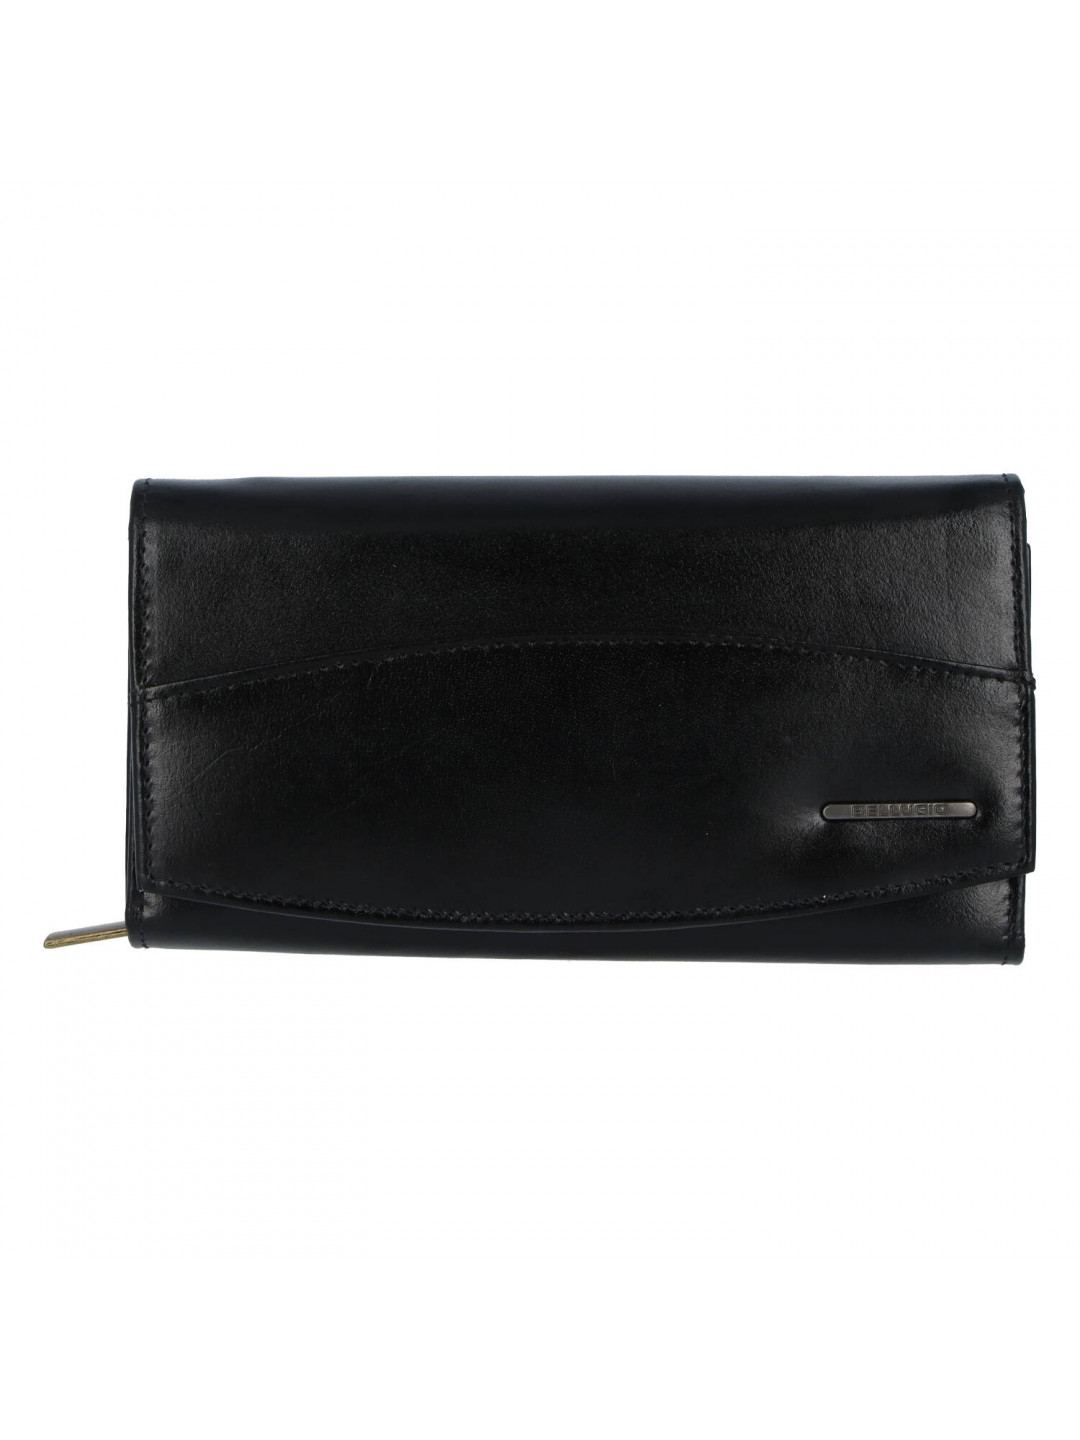 Praktická dámská kožená peněženka Siva černá
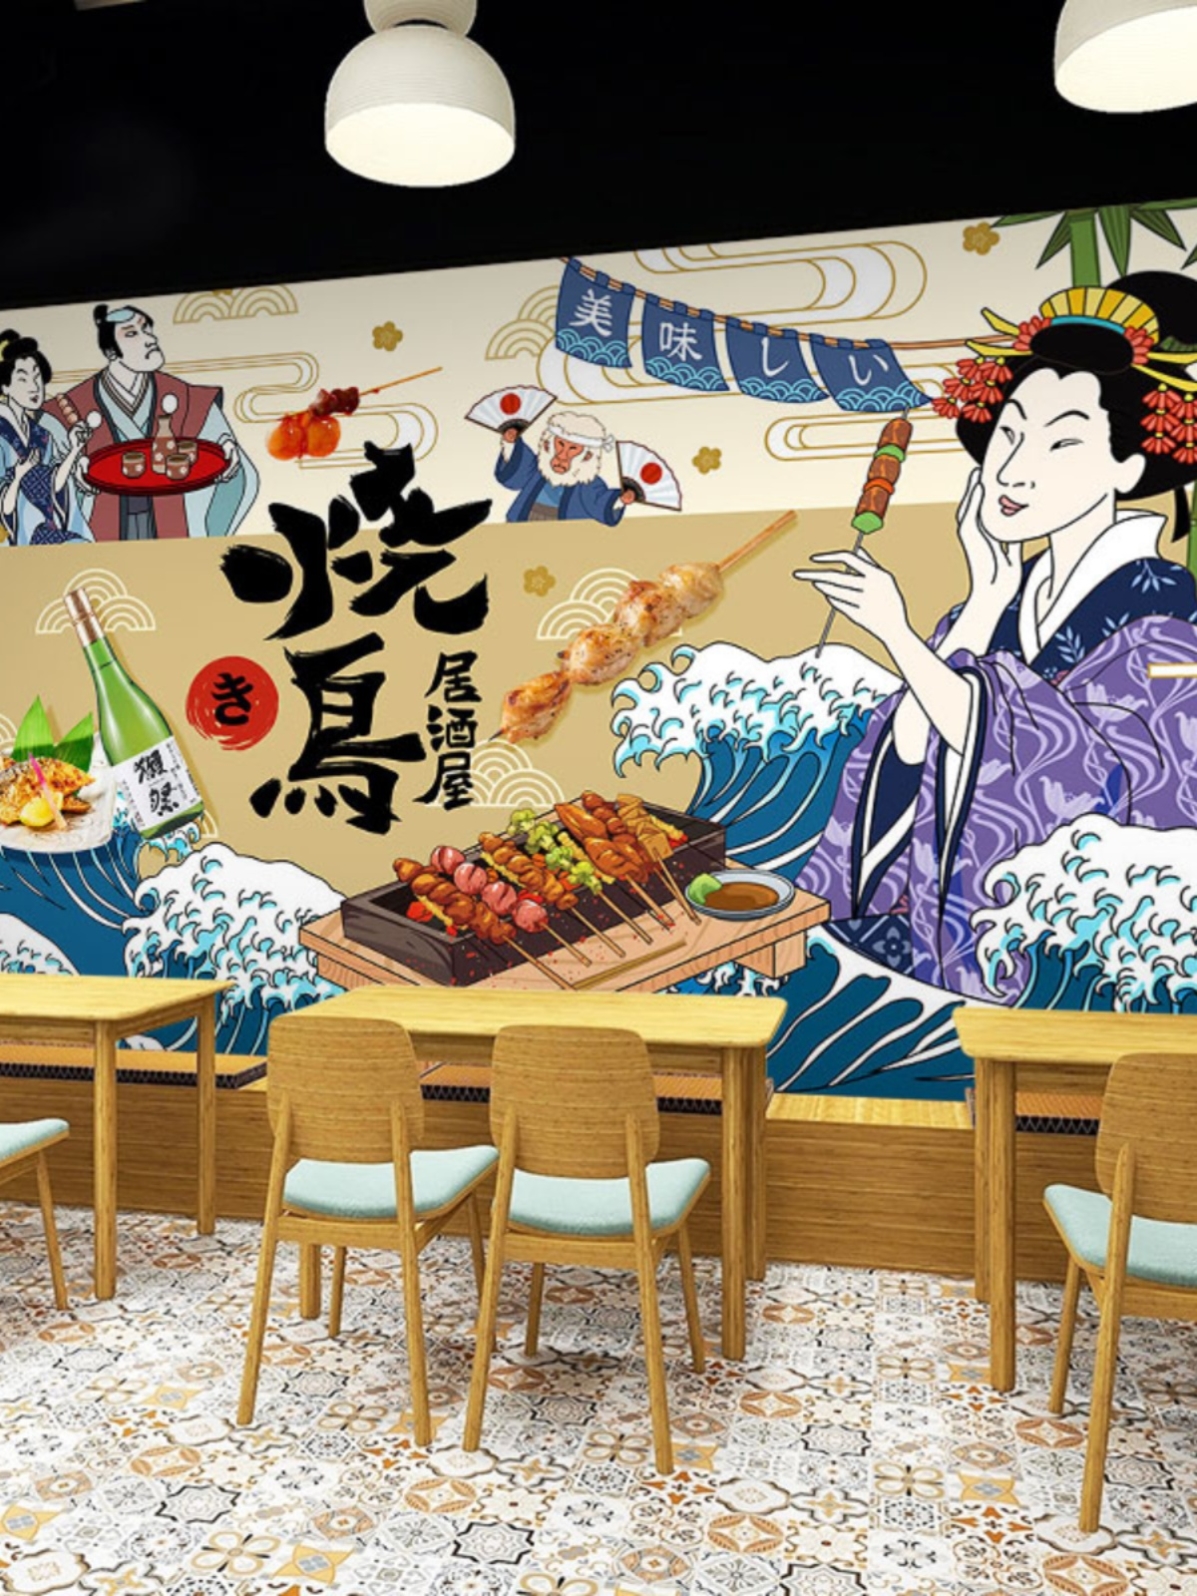 日式屋酒屋墙纸日本烧鸟宣传图片广告牌海报背景装饰画日料店壁纸图片
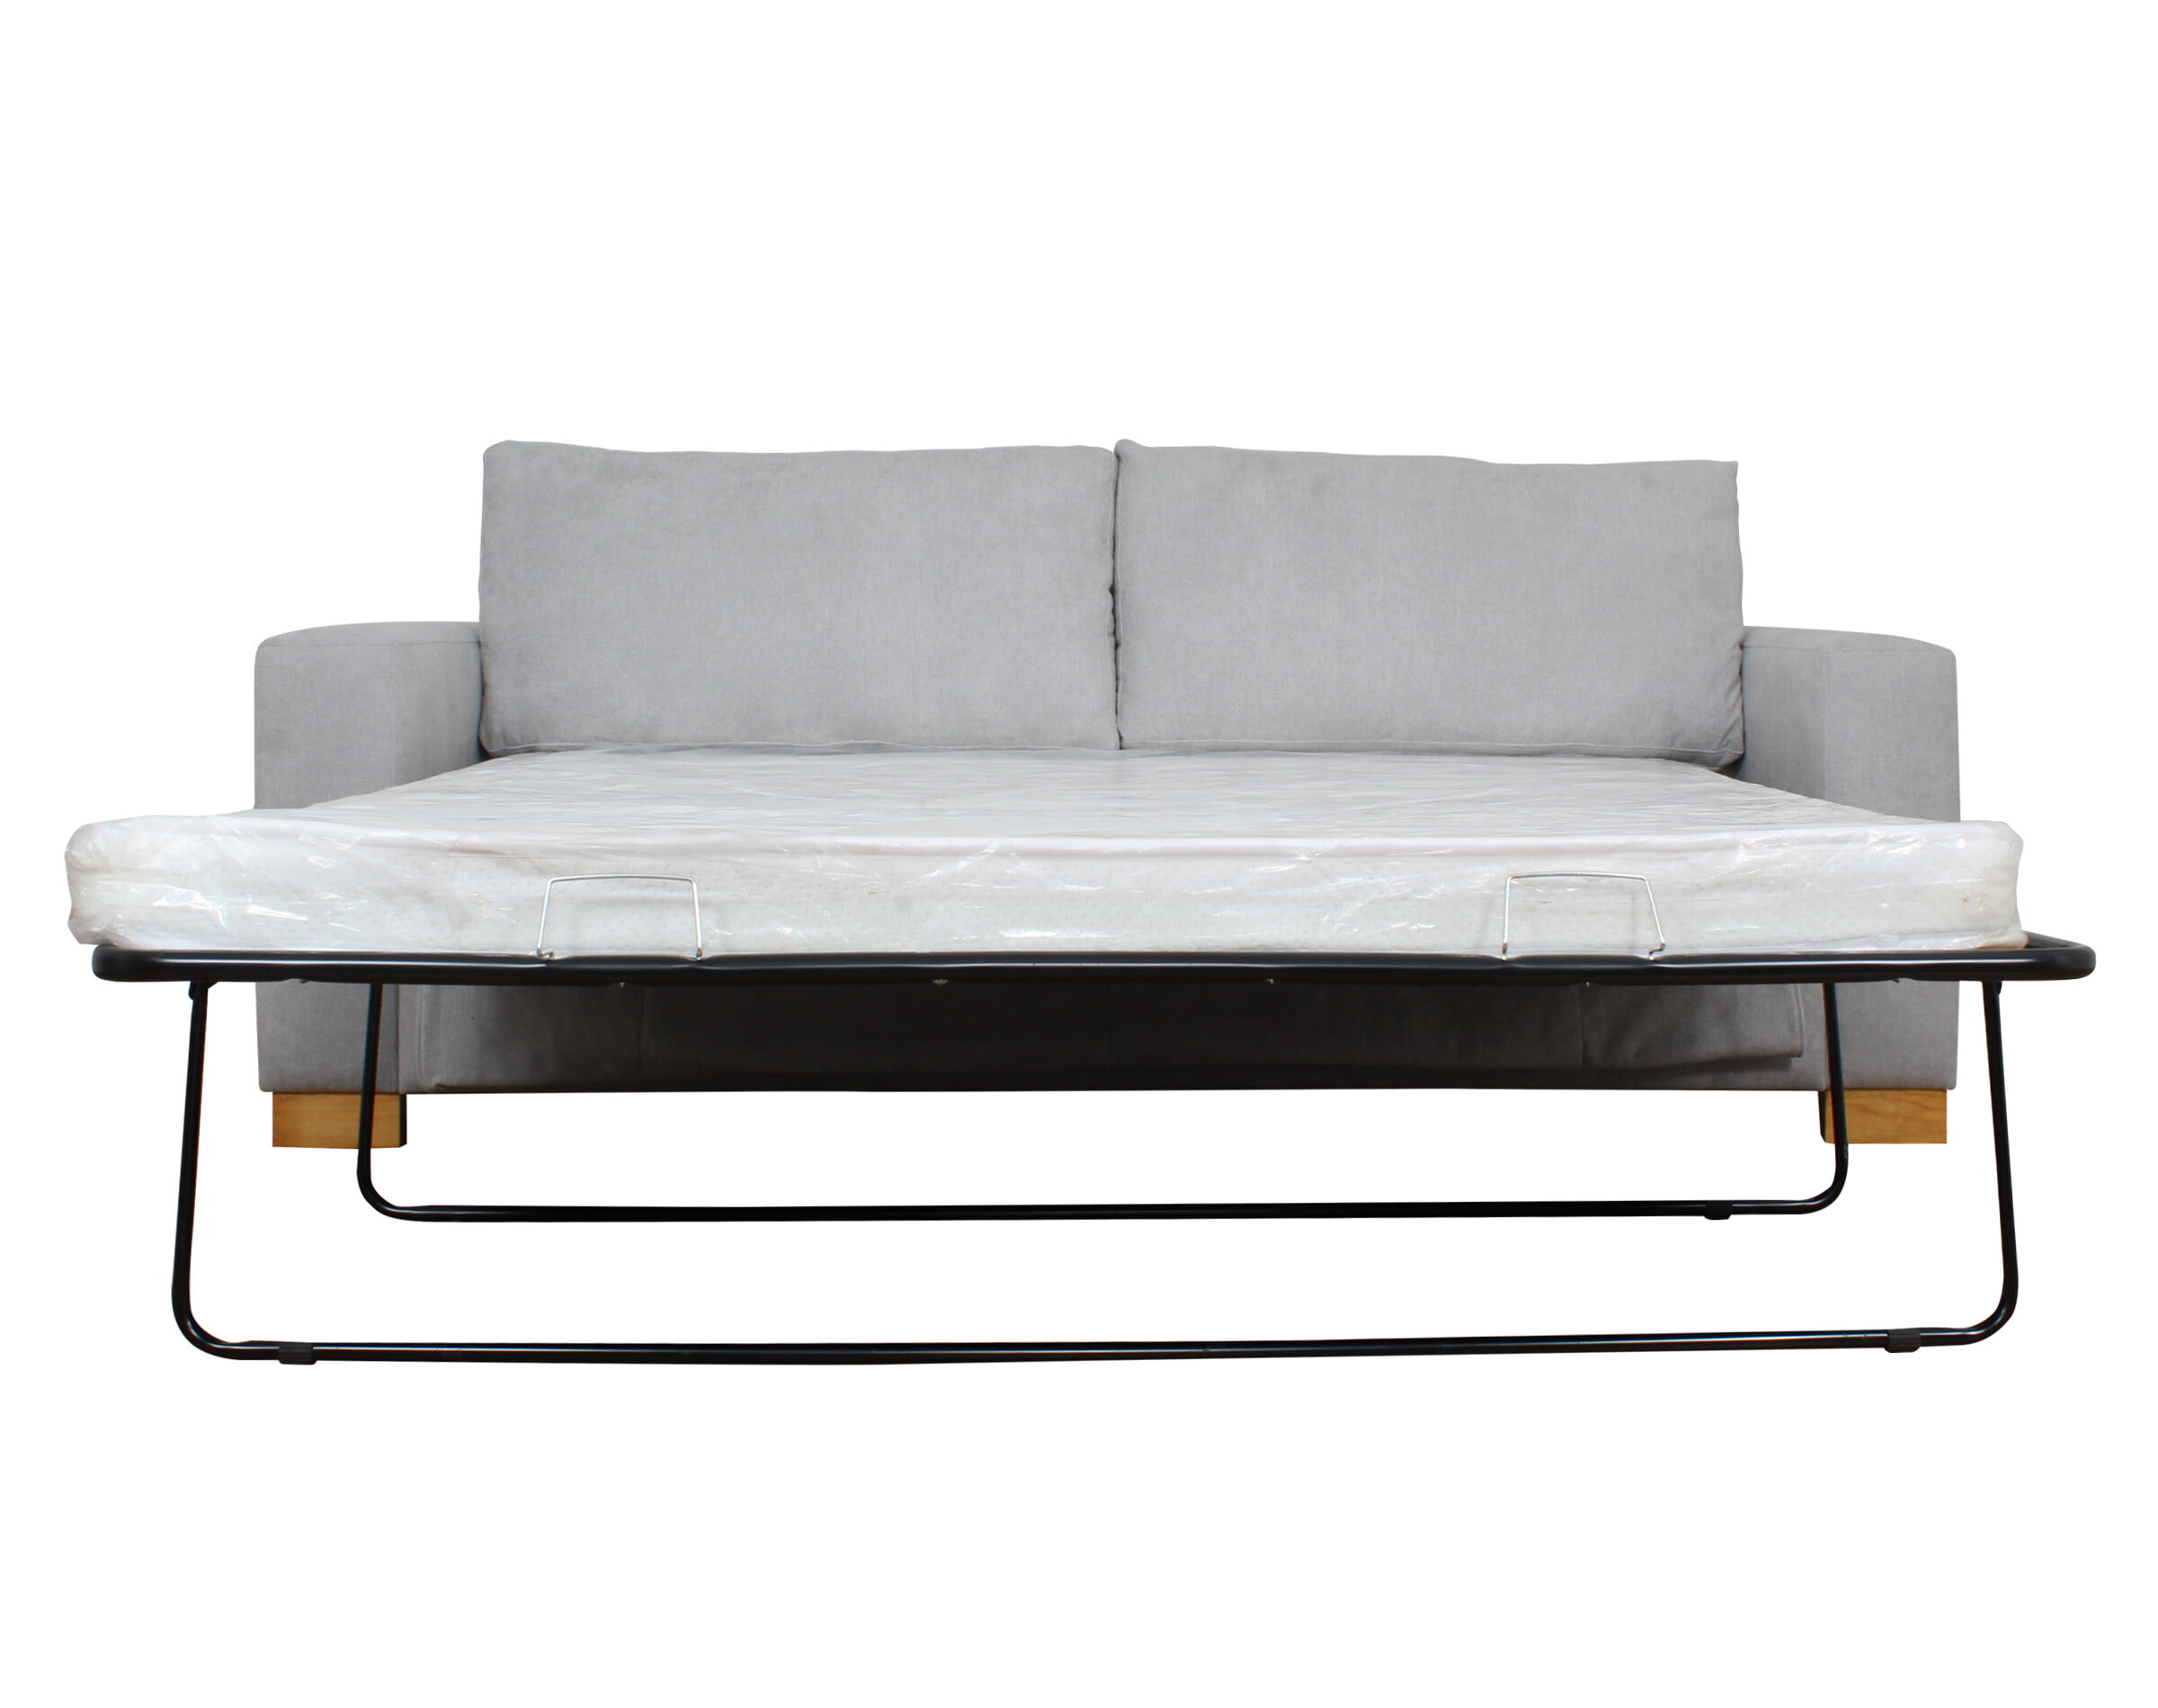 Cuánto pesa un sofá cama de dos plazas?
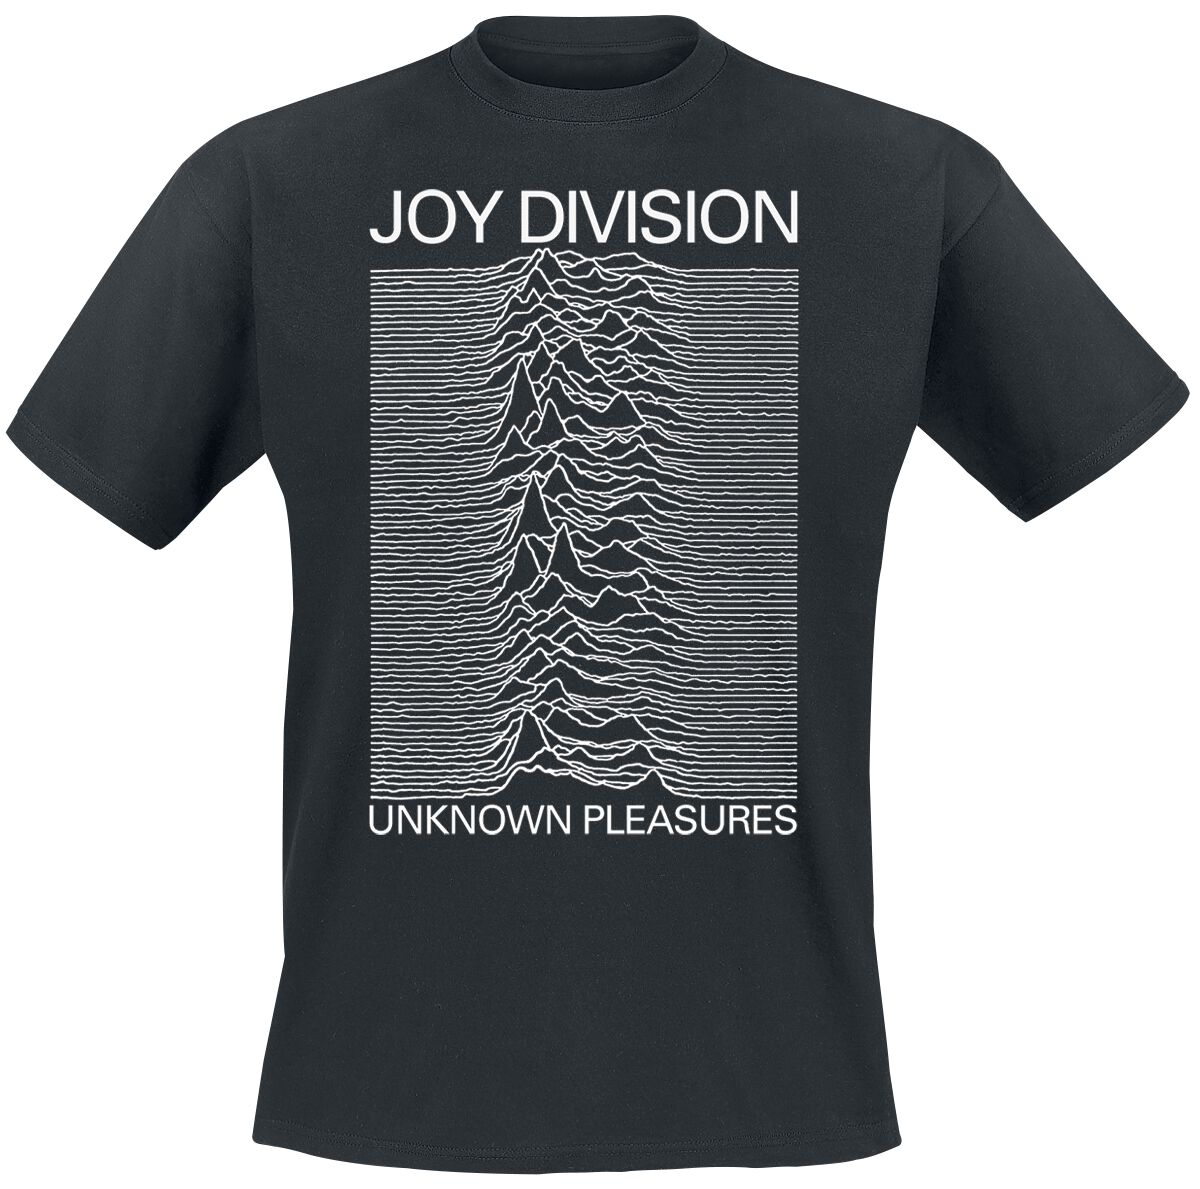 Joy Division T-Shirt - Unknown pleasures - S bis XXL - für Männer - Größe L - schwarz  - Lizenziertes Merchandise!

━━━━━━━━━━

* Exercise objective *
Produce the material above again in full, with identical lines and no pictures.

* Answer section *
 Praktická dámská kožená peněženka Siva černá
 日式屋酒屋墙纸日本烧鸟宣传图片广告牌海报背景装饰画日料店壁纸图片
 Cuánto pesa un sofá cama de dos plazas?
 Joy Division T-Shirt - Unknown pleasures - S bis XXL - für Männer - Größe L - schwarz  - Lizenziertes Merchandise!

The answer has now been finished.